Let’s be honest – working with me is a pretty streamlined, efficient affair. I don’t call myself a ‘process junkie’ for nothing! One of the first steps in my onboarding process is getting prospective clients to complete an initial Quotation Request form. In this form, I ask: ‘Do you need copywriting, editing or proofreading?’ Pretty simple question, right? Well, as it turns out… no.

Quite often, I get answers like these:

  • I’m not sure!
  • Maybe copywriting AND editing?
  • Maybe all three?!
  • Um, I’m hoping you can tell me!

Others just leave the question blank.

For clients who’ve never worked with a copywriter before (and even for those who have), working out what service they need exactly can be difficult. Particularly if they’re eyeballs-deep in their project and running out of time to meet their deadline, at which point everything becomes rather rushed and confusing.

I’ve found the easiest way to suss this out is to simply ask, “What problem do you need me to solve?” Usually, their answer slots them quite neatly into one of the following groups:


  • “I’ve tried and failed to articulate who I serve, what I do and why.”
  • “I’ve got nothing to publish / promote / share and I have no idea where to start.”
  • “I like this piece / blog / website, and I need something like it – but I don’t have time / the skills to do it myself.”
  • “I’ve written this thing, but I hate it. I think I need to scrap it and start from scratch.”


  • “I’ve got a piece that’s nearly there, but I’m a bit stuck / haven’t quite nailed the message / it doesn’t sound like me / it’s confusing / I need some objective eyes to look it over.”
  • “This thing I’ve written is way too long, and I don’t know how to cut it down.”
  • “This thing I’ve written is all out of order, and I don’t know how to rework it.”


  • “I’ve written this thing that’s ready to go, but grammar is not my strong suit / I’m worried I’ve made some spelling mistakes / my attention to detail is poor.”

As I’m sure you’ve guessed (you clever cookie, you!):

  • Those in Group 1 need a copywriter
  • Those in Group 2 need an editor
  • Those in Group 3 need a proofreader

Of course, knowing WHAT you need, you can then make an informed decision about WHO to use. Some copywriters (like moi) also offer editing and proofreading. Others don’t; which is a good thing because there are some great writers (particularly those who write fast and frantically) who have terrible attention to detail, and therefore make useless editors and proofreaders. On the flipside, some editors only edit, some proofreaders only proofread. Sometimes it’s best to stick to your knitting, as they say.

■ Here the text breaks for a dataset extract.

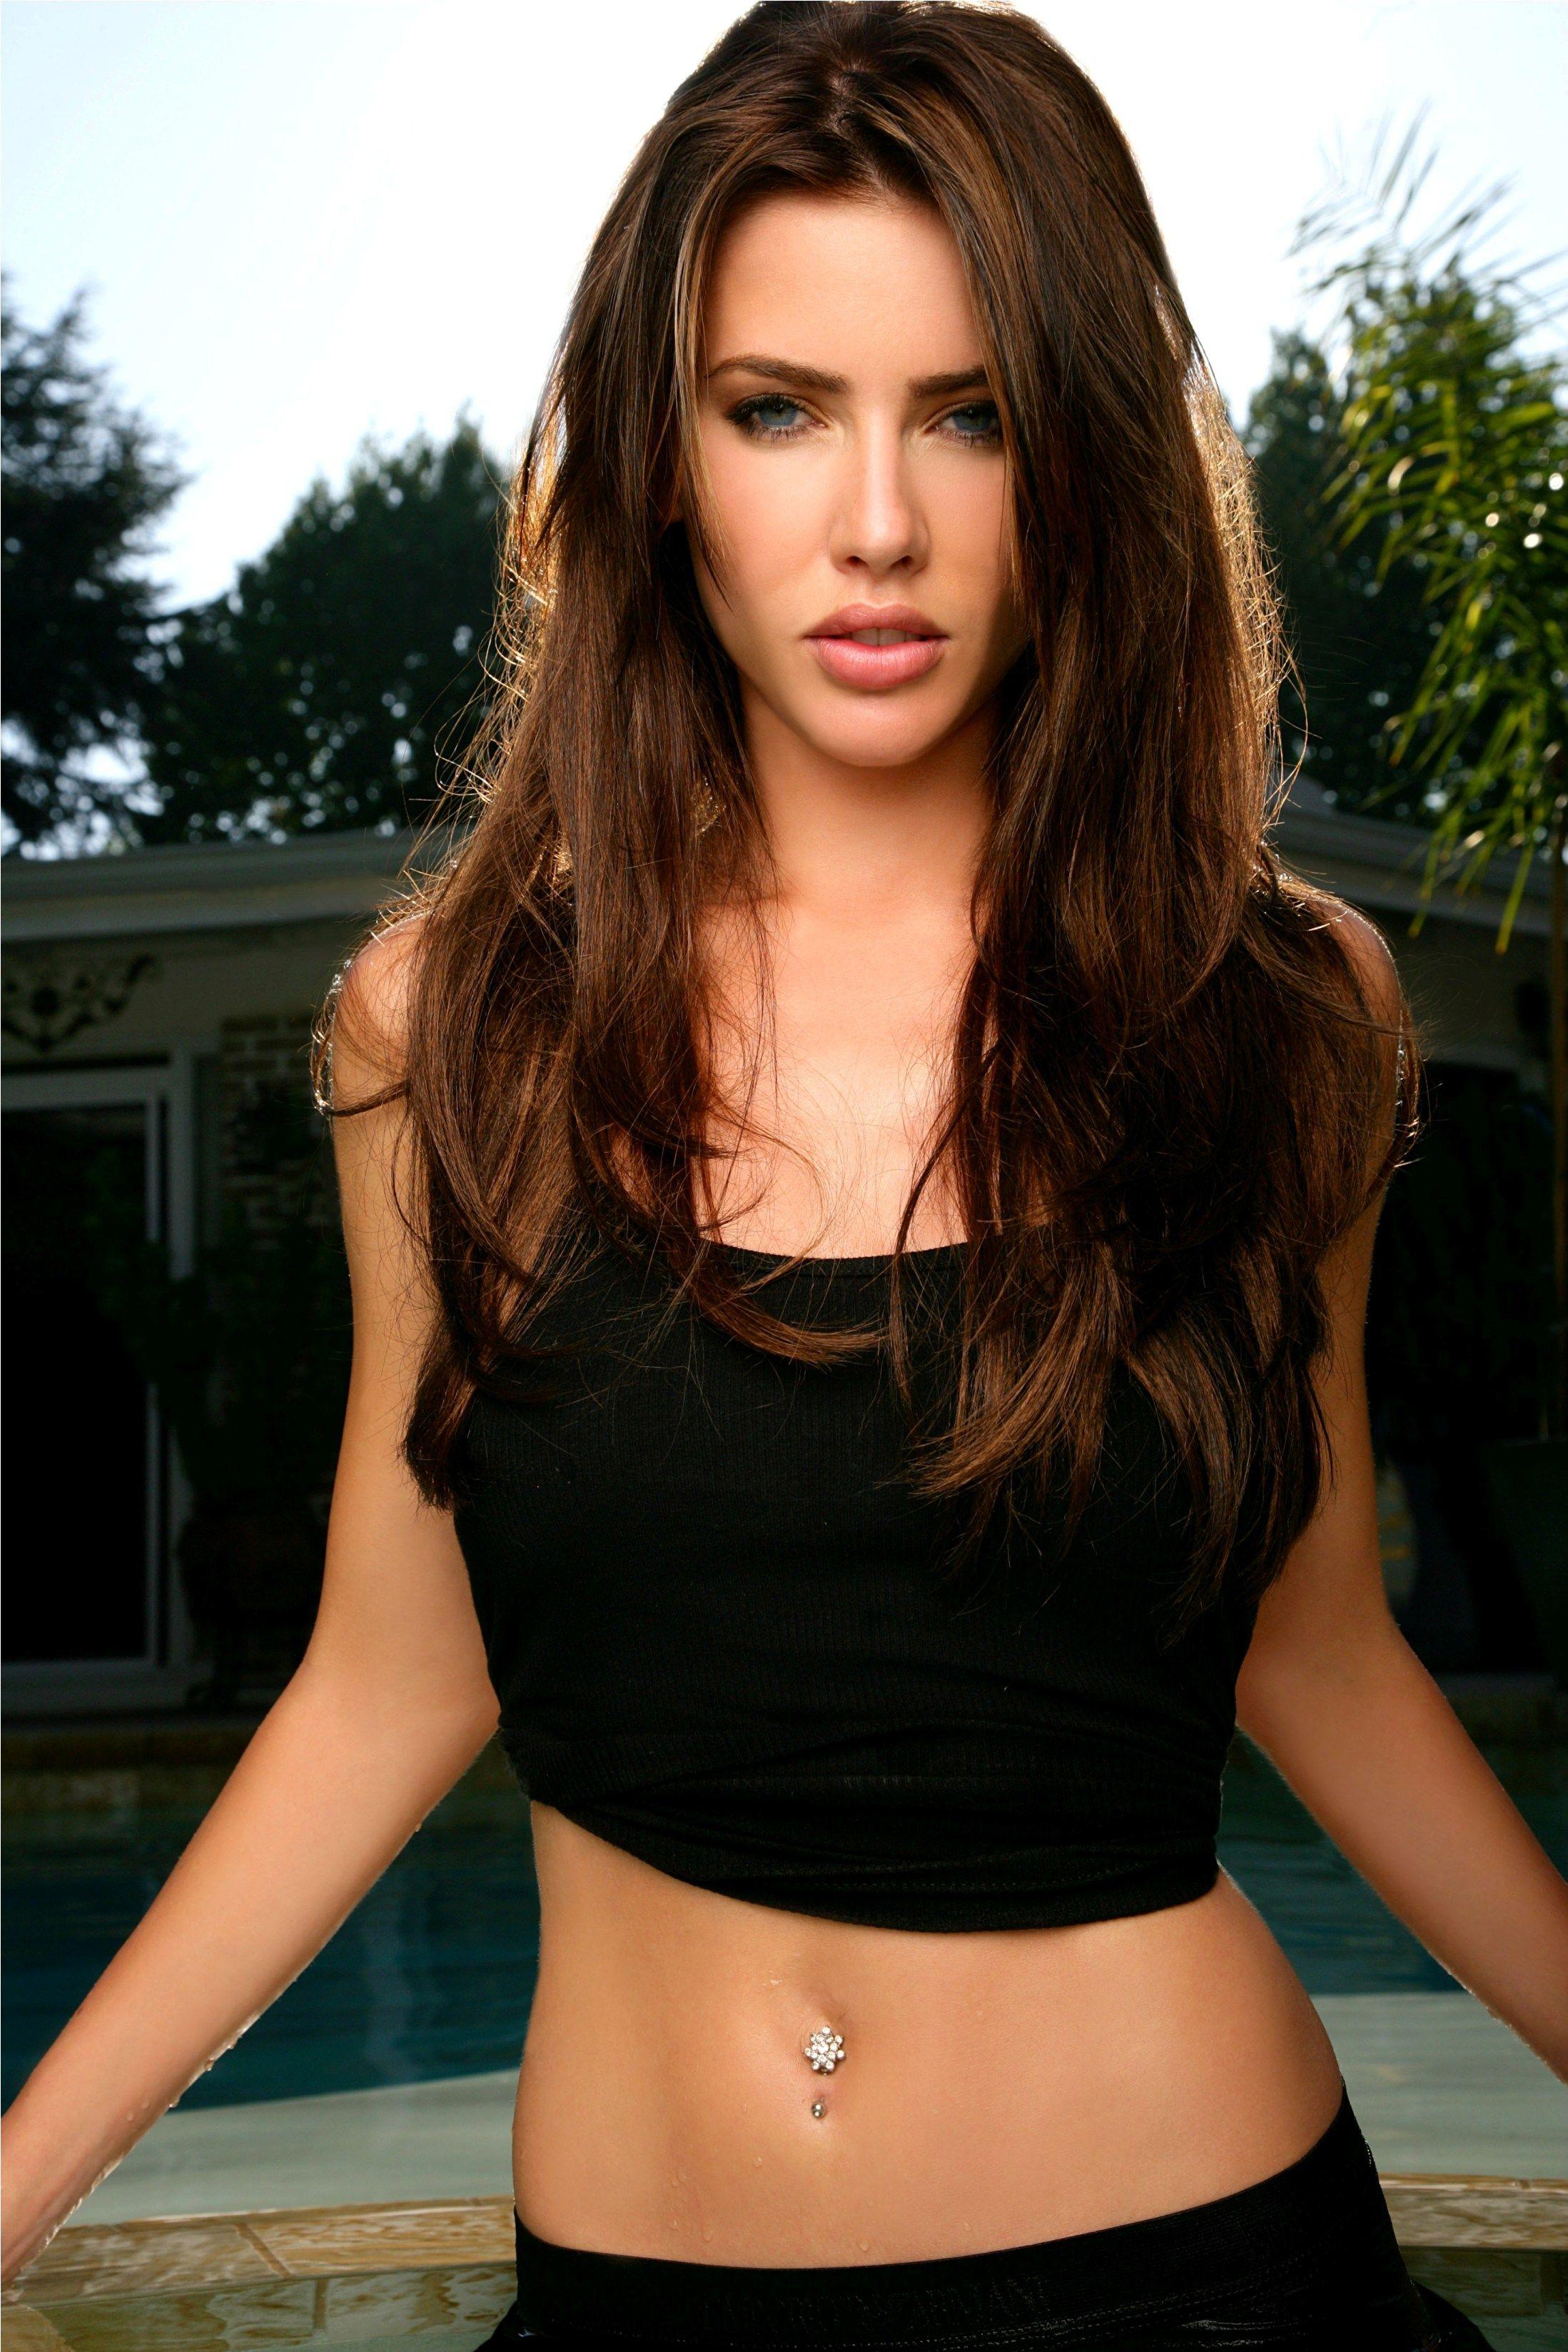 Jacqueline macinnes wood nuda hot pic 158
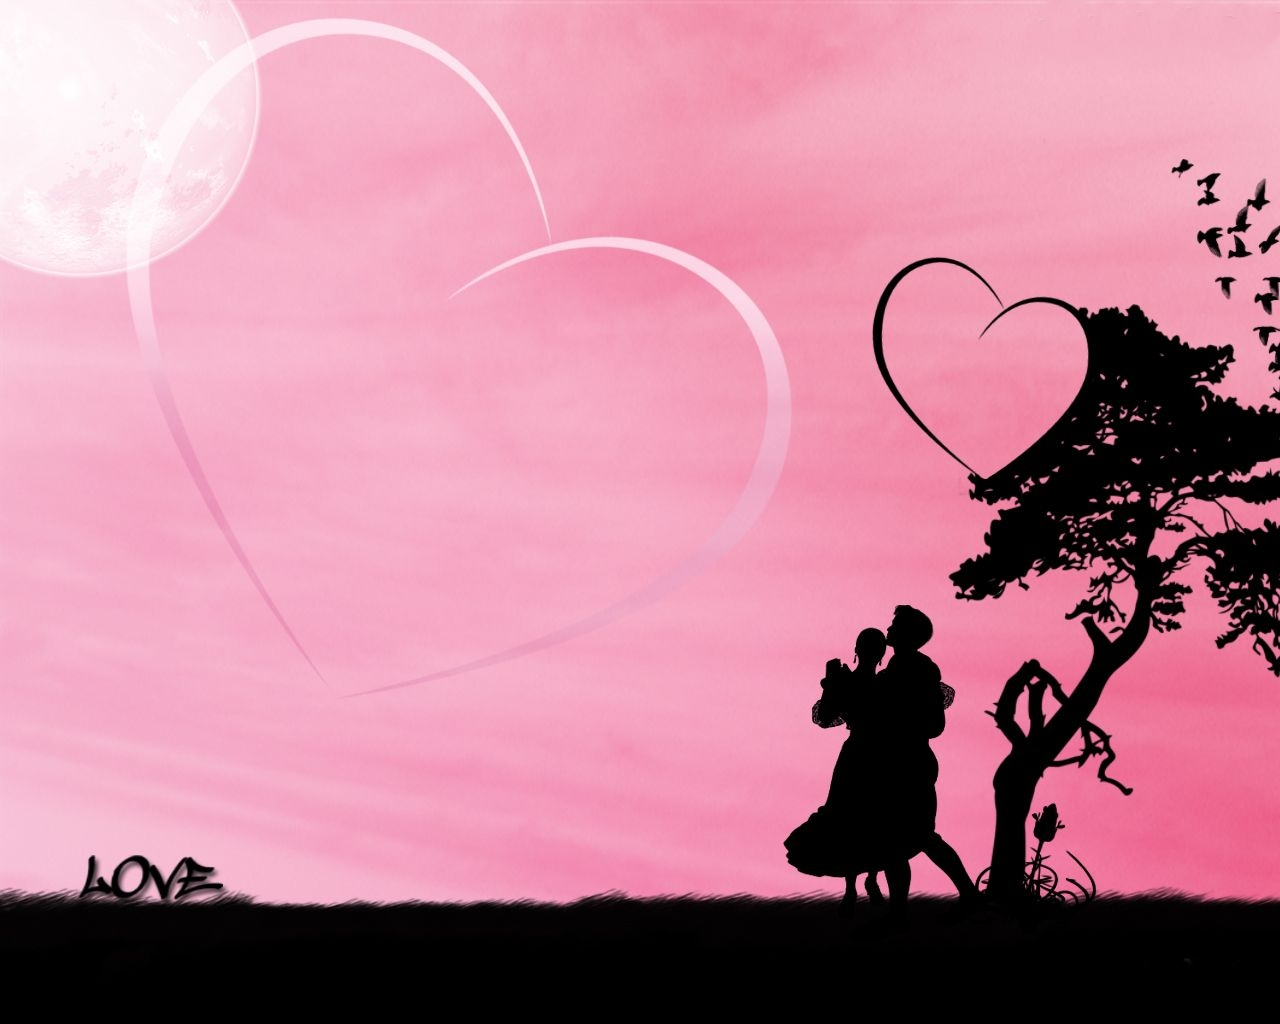 Wallpaper De Violetta Disney Wallpaper Lovers - HD Wallpapers

So, what exactly can you expect to get from each?

A good COPYWRITER will offer a thorough end-to-end service, taking the time to understand you and your target market, honing your unique selling proposition, developing a tone of voice, writing your copy from scratch and then working with you collaboratively to perfect it.

A good EDITOR will take your existing piece, sprinkle it with fairy dust and voila – magic! Okay, not quite – but they will improve it significantly. Changes might include restructuring, getting rid of fluff or repetitiveness, transforming technical content into plain English, inserting some personality, making sure your tone and style is on brand and giving it that extra edge to compel your readers to take action. Many people worry unnecessarily that by working with an editor they’ll lose the essence of themselves in their work. On the contrary, working with a savvy editor who really gets you can bring out even more of you in your work. One of my favourite testimonials is this one from Life Coach, Kate Caddle, who sums up the editing experience beautifully:

Working with Sally was an absolute dream. She made my first experience of working with an editor everything I had hoped it would be. Intentional, kind, creative, and 100% me. In the most perfect way, Sally took my work and turned it into a more beautiful version of what I had created, and somehow brought even more of me out in the content. When I read the content for the first time, I had tears in my eyes, and butterflies in my belly. I instantly knew how well this would connect with my ideal clients.”

And finally, a good PROOFREADER will correct basic grammar and spelling, pick up any typos and resolve any inconsistencies (for example, capitalisation in some places but not others).

As with anything, when it comes to choosing your copywriter / editor / proofreader, do your research and then trust your intuition. My previous post, about what to look for other than experience and education, might also be helpful.

So, in closing! Work out:

1 // The problem you want to solve;

2 // What you need to solve it; and

3 // Who is best placed to offer that service.

Do that, and you’ll be on your way to a powerful piece of error-free copy that feels authentic, connects with your audience and brings home the bacon. Yum.